Americans understand very little about how they pay the doctors, hospitals, and pharmacies that provide their medical care. This has contributed greatly to inaction against the system’s incentives and inefficiencies. It also explains why health care reform becomes a political rallying cry about once a decade. For those abroad who want to know what Americans live through when they get sick and for those Americans who wonder why it has come to this and how to fix it, I have a sampling of the really informative and provocative journalism (bold links) that has been generated by the current clamor for medical coverage.
Presently, dissaffection has reached a level where Americans are actually willing to pay increased taxes for adequate health care coverage, but we are still fearful of what change could mean. As always, the Economist do summaries of the existing situation really well. For a detailed look at the difficulties in containing health care costs, read Atul Gawande's "The Cost Conundrum," a New Yorker piece cited by the Obama administration. Dr. Gawande also wrote an insightful, and more encouraging, look in 2008 about how various European nations built their health care systems. For a more global perspective in providing patient care, listen to NPR's All Things Considered's examinations of Taiwan and Japan for Frontline.

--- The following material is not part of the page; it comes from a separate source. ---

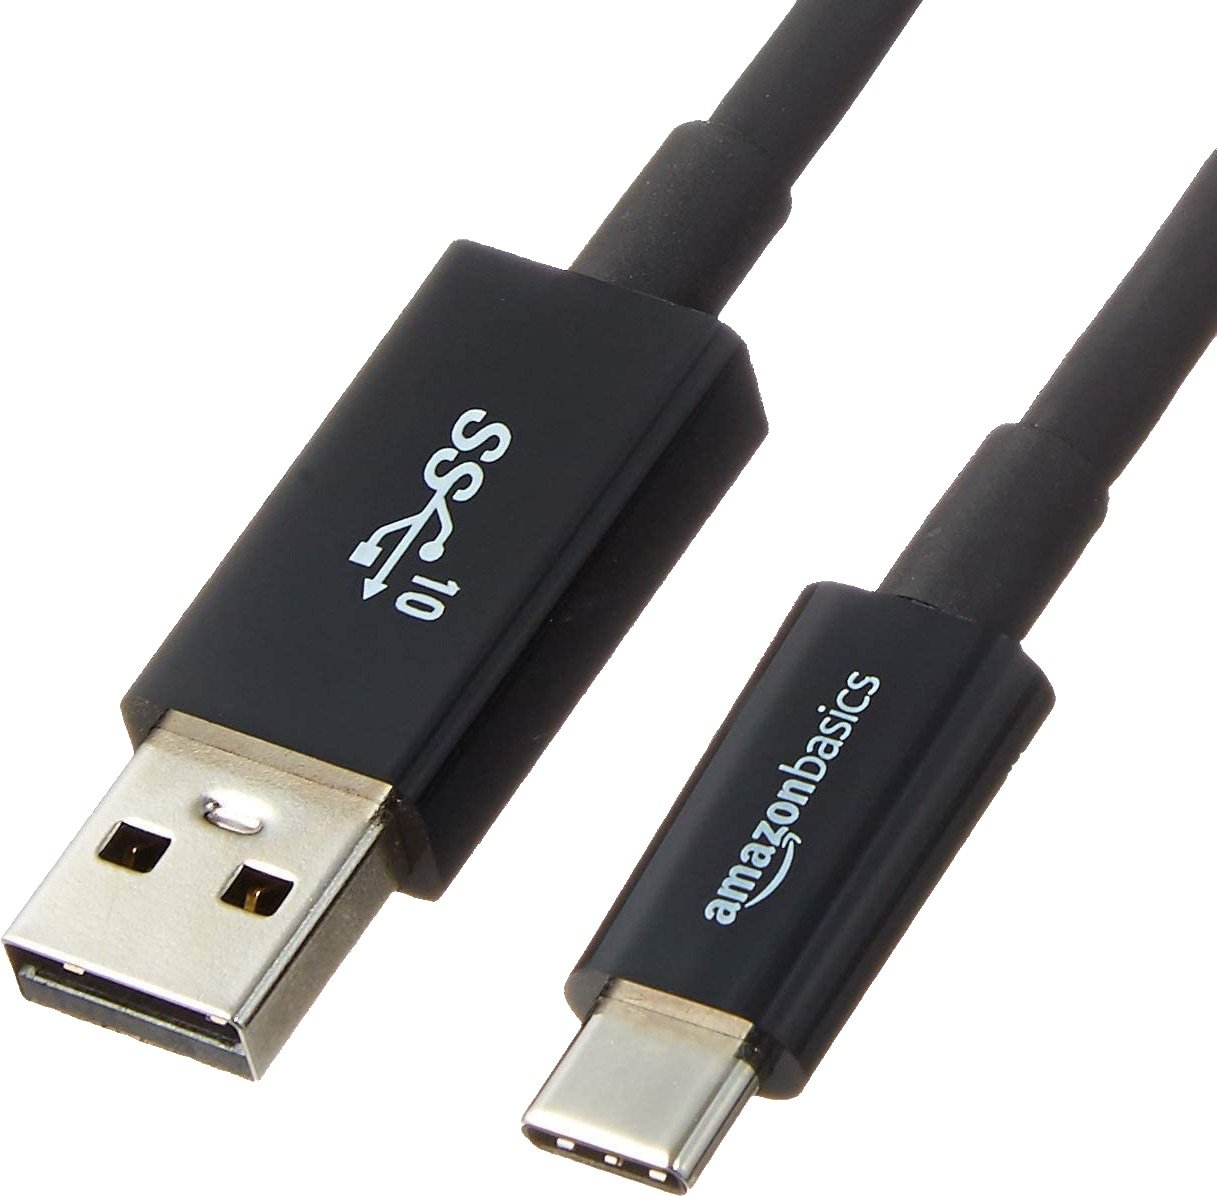 AmazonBasics USB 3.1 Cable Cropped Render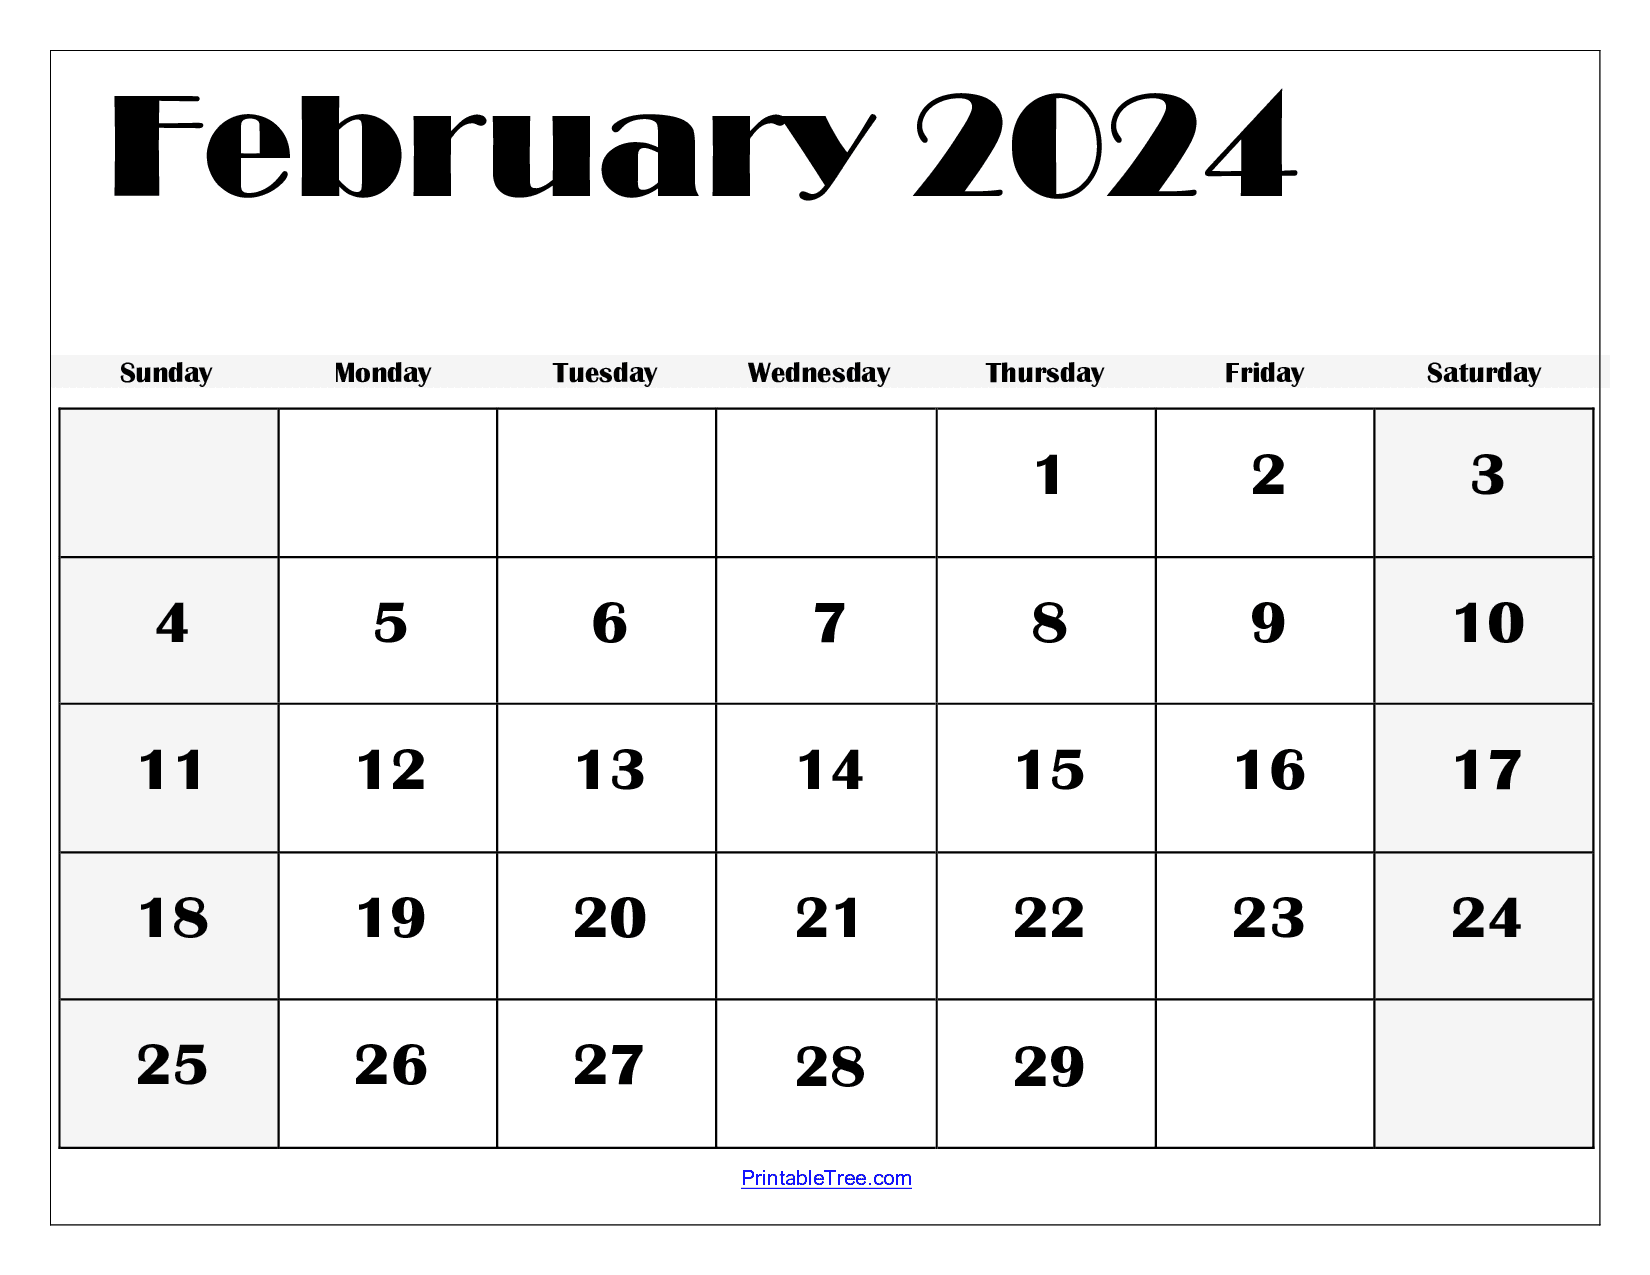 February 2024 Calendar Printable Pdf Template With Holidays for February 2024 Calendar Page Printable

Gawande's assumption that Americans will probably want to keep insurance as the mechanism for paying medical bills has proved accurate given the current discussion of a so-called "public option" for medical insurance. Robert Reich and Paul Krugman both write repeatedly about the economics of how a public option might control costs. Of course, a badly designed public option has serious risks.
Of course, all of this political chit-chat rides the daily shifts of opinions and optimism, but much of America appears to be debating and thinking about what they want in the health care. I only hope that what we want will be good for us, too. Anyone else read a good story or study about American health care? Click on "comments" below and clue us in.
Update (29 June 2009): Columnist David Brooks delivered an incredibly astute assessment of the legislative machinations toward health care reform a couple weeks ago. It's one of the cleverest passages of non-partisan political commentary I have read in some time.